Eighty-four percent of the survey respondents believe telemedicine is important to their organizations; nine out of 10 of them are pursuing telemedicine programs.

“Managed care executives should seek out ways to partner with providers under risk sharing or subcapitated arrangements to promote and incentivize telemedicine as a key tool to manage population health of their subscribers, reduce acute inpatient stays, and improve quality care,” he says.

As the Affordable Care Act (ACA) increases pressure to keep patients healthy, 50% of the survey respondents said that improving quality of care was their primary motivator for adopting telemedicine.

In the post-Obamacare paradigm, providers bear a much greater responsibility for the sustained wellness of their patients as healthcare providers move from a fee-for-service model to one that reimburses based on positive patient outcomes, according to the survey.

The survey results confirm our belief that telemedicine is the next monumental shift in the healthcare industry, according to Lacktman.

In light of the survey results, Lacktman offers these 4 take aways:

1/ As the reimbursement and regulatory landscape is continually changing, the best course of action for healthcare organizations is to move forward with developing telemedicine programs as the law will catch up.

2/ In the wake of the ACA, risk-bearing models such as capitation (in which a provider receives a monthly fee per patient to manage their care) and bundled payments (in which patients pay a one-time charge for a procedure), are moving out of the margins and into the mainstream. Healthcare executives are increasingly focused on keeping their patients healthy and telemedicine offers a valuable means to help this effort. 

3/ With its ability to multiply patient points of contact at a significantly reduced cost, telemedicine enables physicians to keep closer tabs on their patients, whether it is monitoring blood pressure from a distance or ensuring day-to-day medication adherence.

4/ The survey shows that healthcare organizations are already implementing telemedicine practices. More than half already offer remote patient monitoring services (64%), store and forward technology (54%) and real-time interaction capabilities (52%).

“Telemedicine can serve as the catalyst for hospital systems seeking broad-scale population management, vertical integration, and comprehensive care offerings,” Lacktman says. “Telemedicine’s many benefits include the potential to exponentially expand a provider’s geographic footprint, use doctors’ time more efficiently, keep patients healthier and dramatically reduce the barriers to patient interaction and continued care management.”  

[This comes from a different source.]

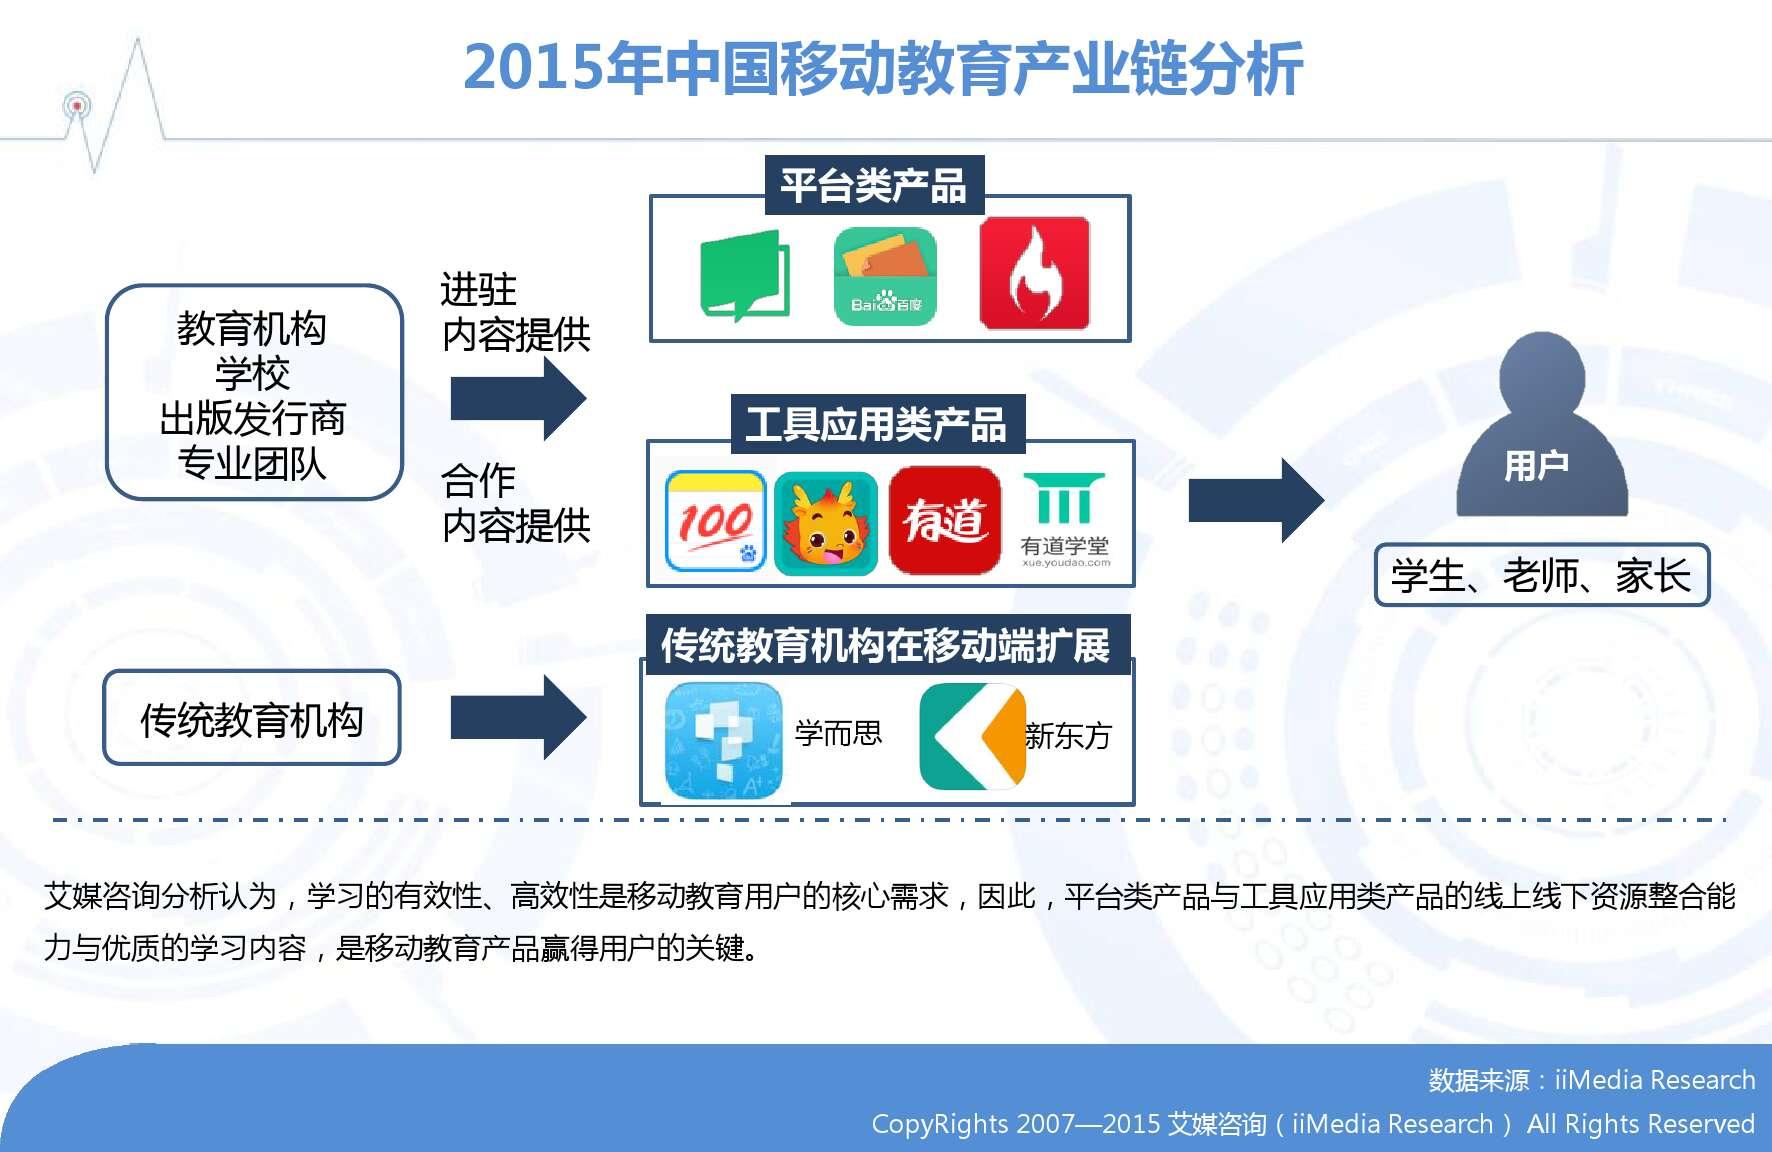 2015-2016年中国移动教育市场研究报告_000010

Finally, he adds, telemedicine offers significant growth opportunities for healthcare organizations to position themselves for the new wave of patient demands and expectations.

“But as with any new technology, it also comes with business and legal risks that require careful navigation,” he says. “And yet, there are many viable options and business solutions to successfully harness telemedicine, and we see the regulatory and reimbursement landscape changing in response.”